Prostate-cancer: MRI and targeted biopsies could potentially cut overdiagnoses by half


Most countries have not introduced nationwide prostate-cancer screening, as current methods result in overdiagnoses and excessive and unnecessary biopsies.

A new study by researchers at Karolinska Institutet in Sweden, which is published in the New England Journal of Medicine, indicates that screening by magnetic resonance imaging (MRI) and targeted biopsies could potentially cut overdiagnoses by half.

The results were presented today at the European Association of Urology Congress.

“Our results from a large, randomized study show that modern methods for prostate cancer screening maintain the benefits of screening, while decreasing the harms substantially. This addresses the greatest barrier to the introduction of nationwide screening,” explains Tobias Nordström, associate professor of Urology at the Department of Clinical Sciences, Danderyd Hospital at Karolinska Institutet, who is in charge of the STHLM3MRI study.

Yearly, approximately 1.4 million men get a prostate cancer diagnosis and 375,000 men die from the disease. Previous studies have shown that organized screening can result in earlier detection and thereby reduce the risk of prostate-cancer deaths.

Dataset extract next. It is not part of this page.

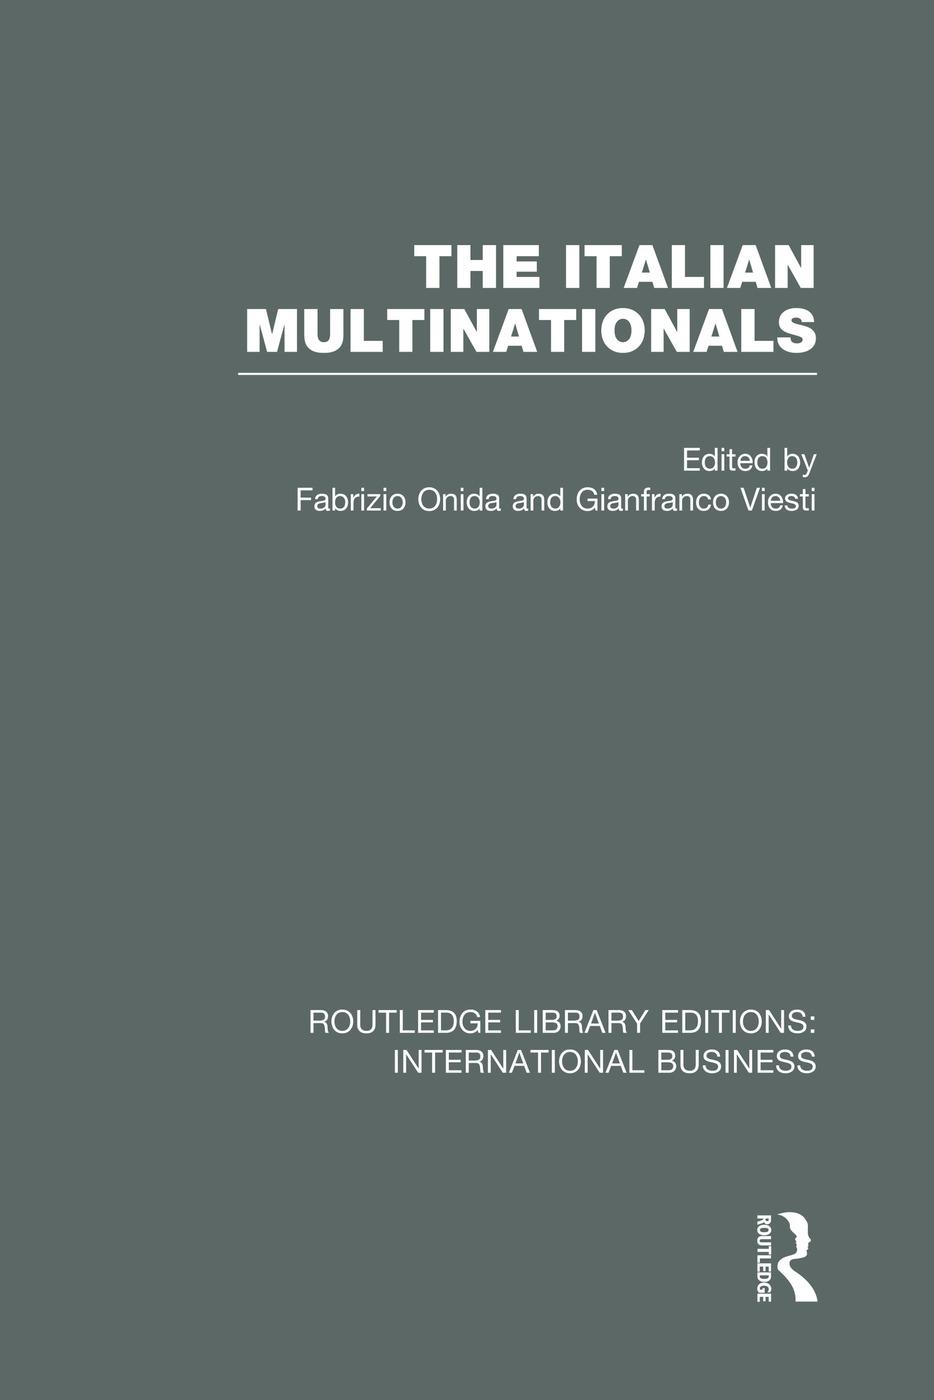 The Italian Multinationals (RLE International Business)

Current screening methods – PSA (prostate-specific antigen) tests combined with traditional biopsies – result in unnecessary biopsies, and the detection of numerous minor low-risk tumors.

Consequently, no country except Lithuania has chosen to introduce a nationwide prostate-cancer screening program, as the benefits do not exceed the disadvantages.

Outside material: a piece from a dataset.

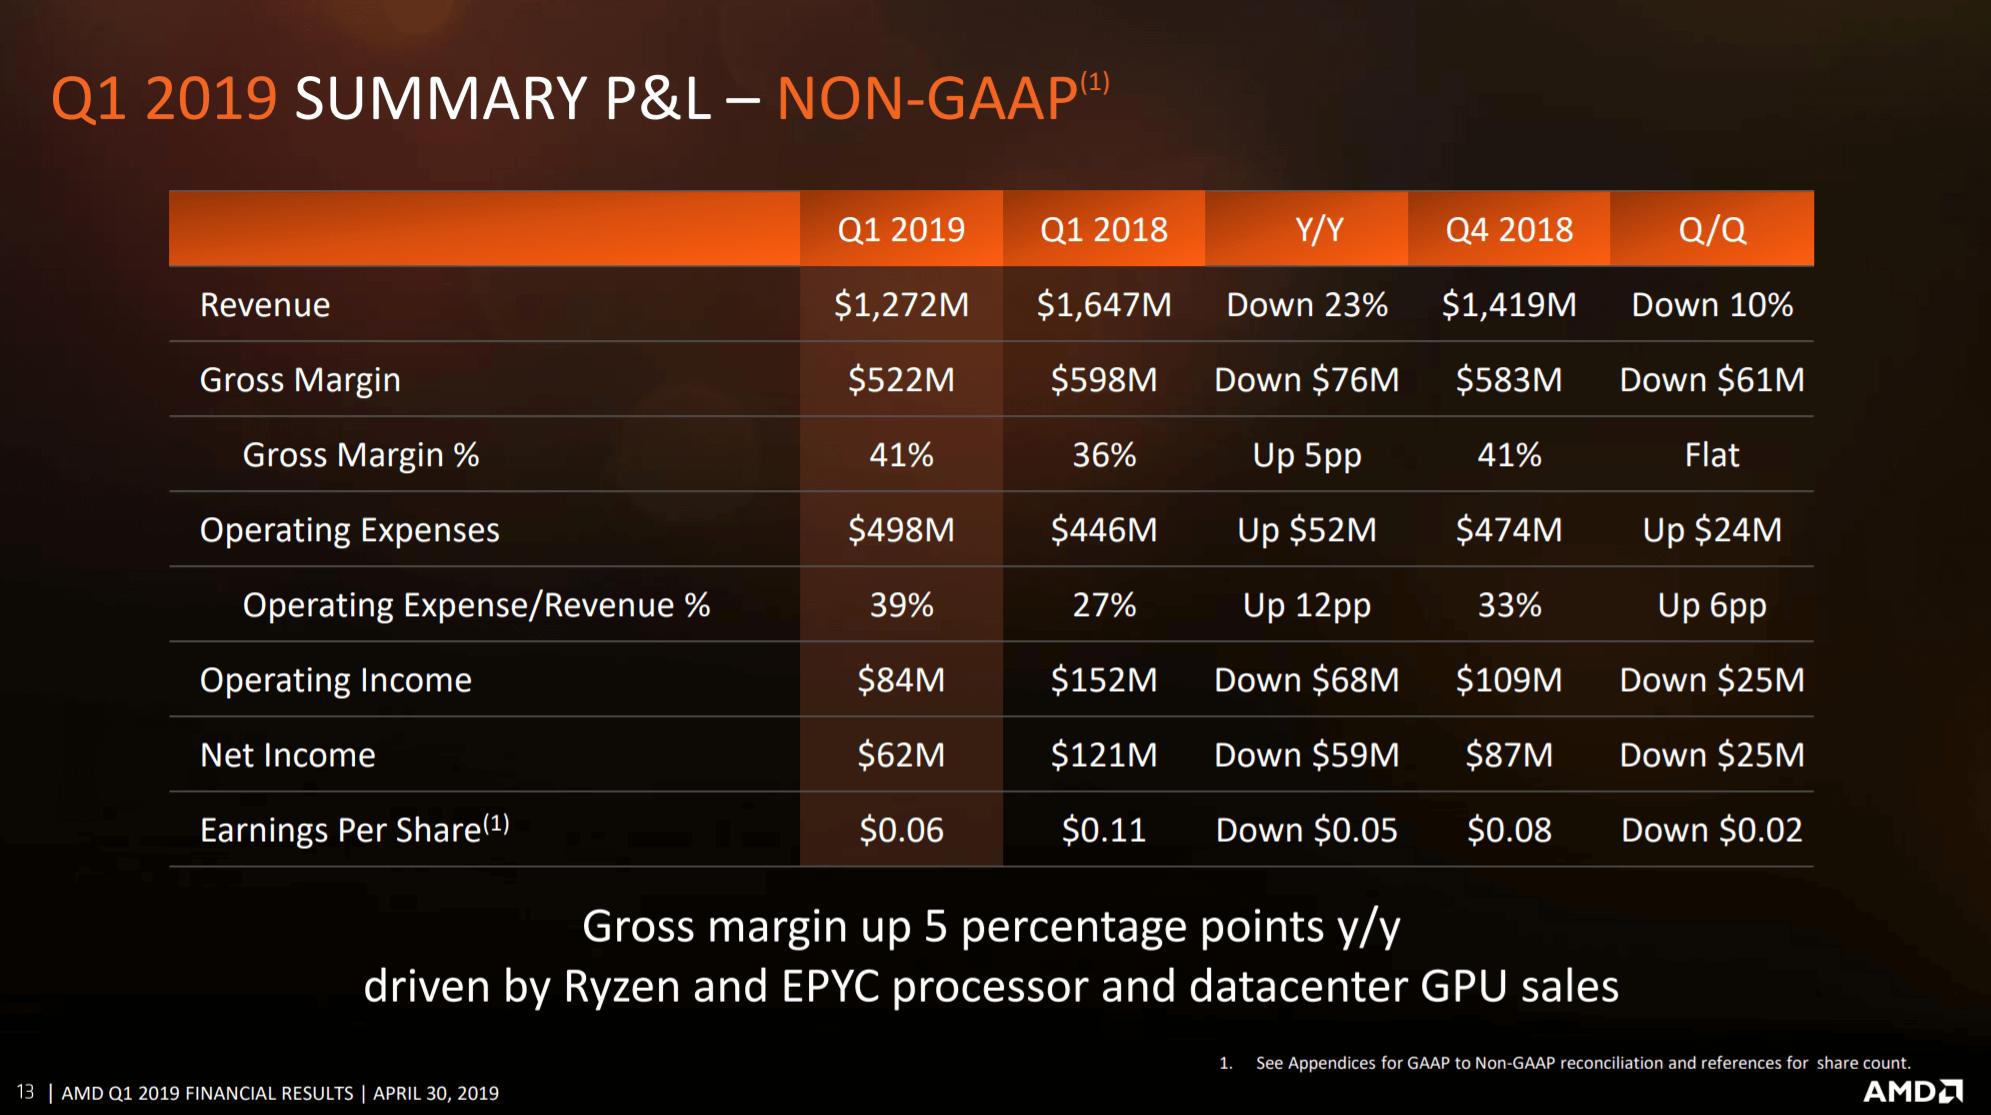 AMD reveals 7nm Navi GPU and Epyc Rome CPUs will launch next quarter

“Refined screening methods are required to reduce overdiagnosis and overtreatment of low-risk tumors, and prevent unnecessary biopsies and biopsy-related side-effects,” explains Martin Eklund, associate professor at the Department of Medical Epidemiology and Biostatistics, Karolinska Institutet, with joint responsibility for the STHLM3MRI study.

The results of the STHLM3MRI study indicate that overdiagnoses can be halved by substituting traditional prostate biopsies with magnetic resonance imaging (MRI) and targeted biopsies. The number of unnecessary biopsies and the identification of minor low-risk tumors is reduced, while the new method can detect just as many clinically significant tumors.

STHLM3MRI is a randomized study conducted between 2018 and 2021 with participants from Stockholm County, which included 12,750 men. The participants first provided a blood sample for PSA analysis, as well as analysis by the new Stockholm3 test, developed by researchers at Karolinska Institutet. Men whose tests showed elevated levels were then randomly selected for traditional biopsies or MRI. In the MRI group, biopsies were conducted strictly on suspected tumors identified by MRI.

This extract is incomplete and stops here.